За прошедшие десятилетия в окружающем нас мире всё стало по-другому. Жизнь наша удивительно, стремительно меняется. Нет больше того «дикого» самодеятельного туризма, и коробки той давным-давно уже нет, не нужна она. И улицу, где располагался Московский клуб туристов, тоже давно переименовали. Раньше она называлась Большая Коммунистическая, а теперь стала – улица Александра Солженицына. Что поделать, видать, судьба такая: никак не везёт этой московской улице с названиями! Но подчёркиваю, я расскажу вам всё, как тогда было. Так, как я это запомнил. Не запомнить такое было бы невозможно. А вот сможете ли вы понять, в чём вообще заключался смысл всех этих отчаянных приключений – это уже совсем другой вопрос.
Так я попал в группу к Юре. Кроме меня, там оказались ещё несколько человек: Виктор, крупный сильный парень, отслуживший в воздушно-десантных войсках, человек явно не робкого десятка, как-то связанный по работе с военной авиацией. Андрюша, студент-старшекурсник, любитель ходить на лесные слёты авторской песни со старинной керосиновой лампой (это у него была тогда такая «фишка»). Девушка Ира, не нашедшая пока своего места в жизни. Две подружки, Лена и Таня, спортивные девчата, которых Юра, можно сказать, «сманил» из какого-то официального московского турклуба. И я, младший научный сотрудник (без степени), втайне тогда мечтавший об экстриме. Итого, вместе с нашим «вождём», семь человек. Юра был заметно старше каждого из нас, наверное, лет на пятнадцать.

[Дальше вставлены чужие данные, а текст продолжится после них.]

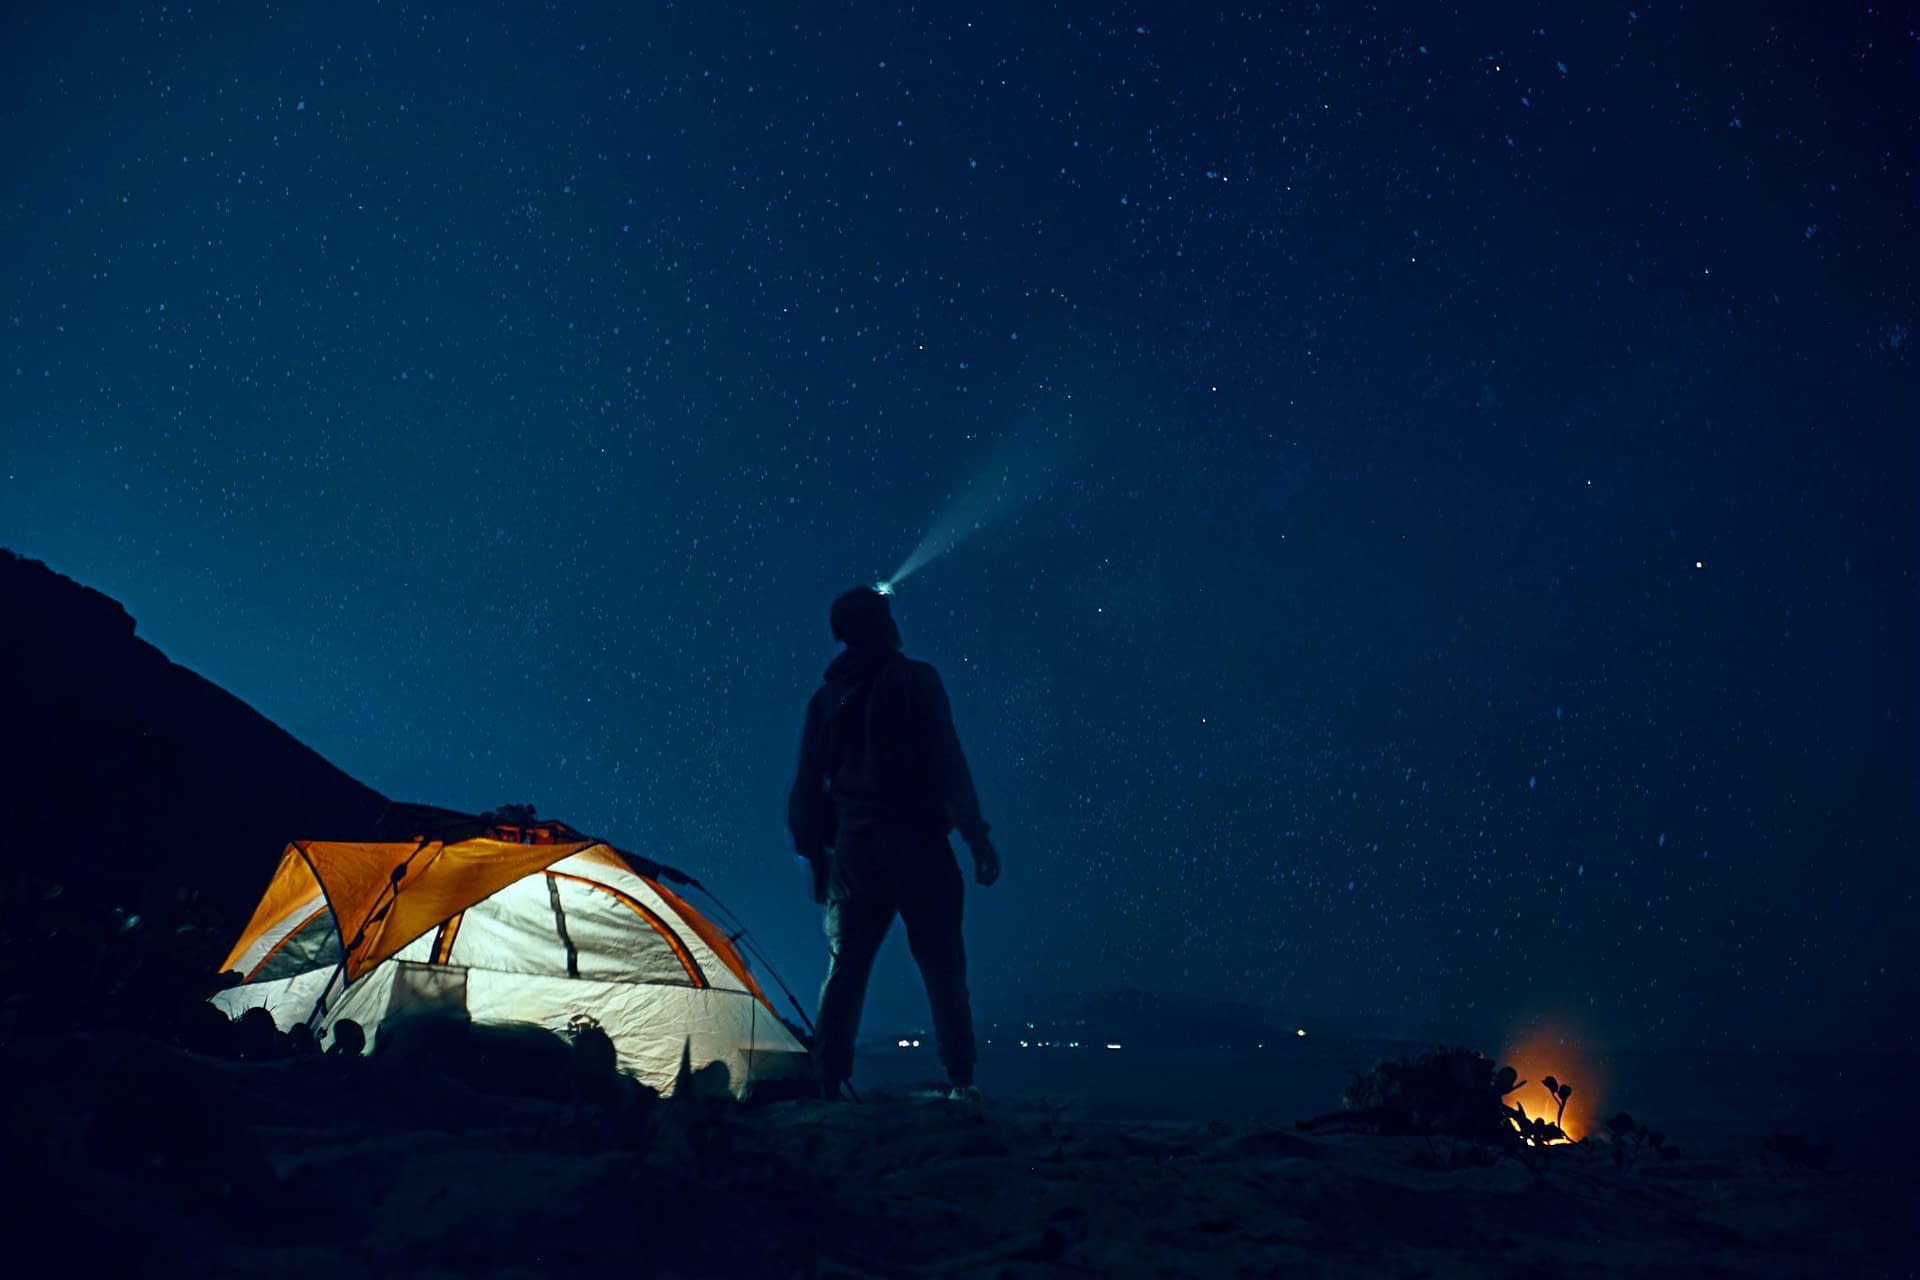 Man stood outside tent at night

Изучив в библиотеке Московского клуба туристов несколько официальных отчётов о прохождении сложных водных маршрутов по бурным горным рекам нашей страны, Юра почему-то решил, что мы отправимся в Северную Осетию, и там, высоко в горах, покорим один из сложнейших участков реки Ардон, левого притока Терека, а именно – так называемое Кассарское ущелье. И покорить его мы сможем, сплавившись на надувном плоту типа ПСН-10. Я помню, как где-то в подмосковном лесу, Юра рассказывал нам, как это будет интересно и увлекательно. Как мы стремительно промчимся по бурным волнам горной реки с вёслами в руках. А затем, под конец нашего похода, мы ненадолго заедем куда-нибудь к Чёрному морю, поставим палатку прямо на берегу и славно отдохнём после сплава. Рассказывал очень убедительно.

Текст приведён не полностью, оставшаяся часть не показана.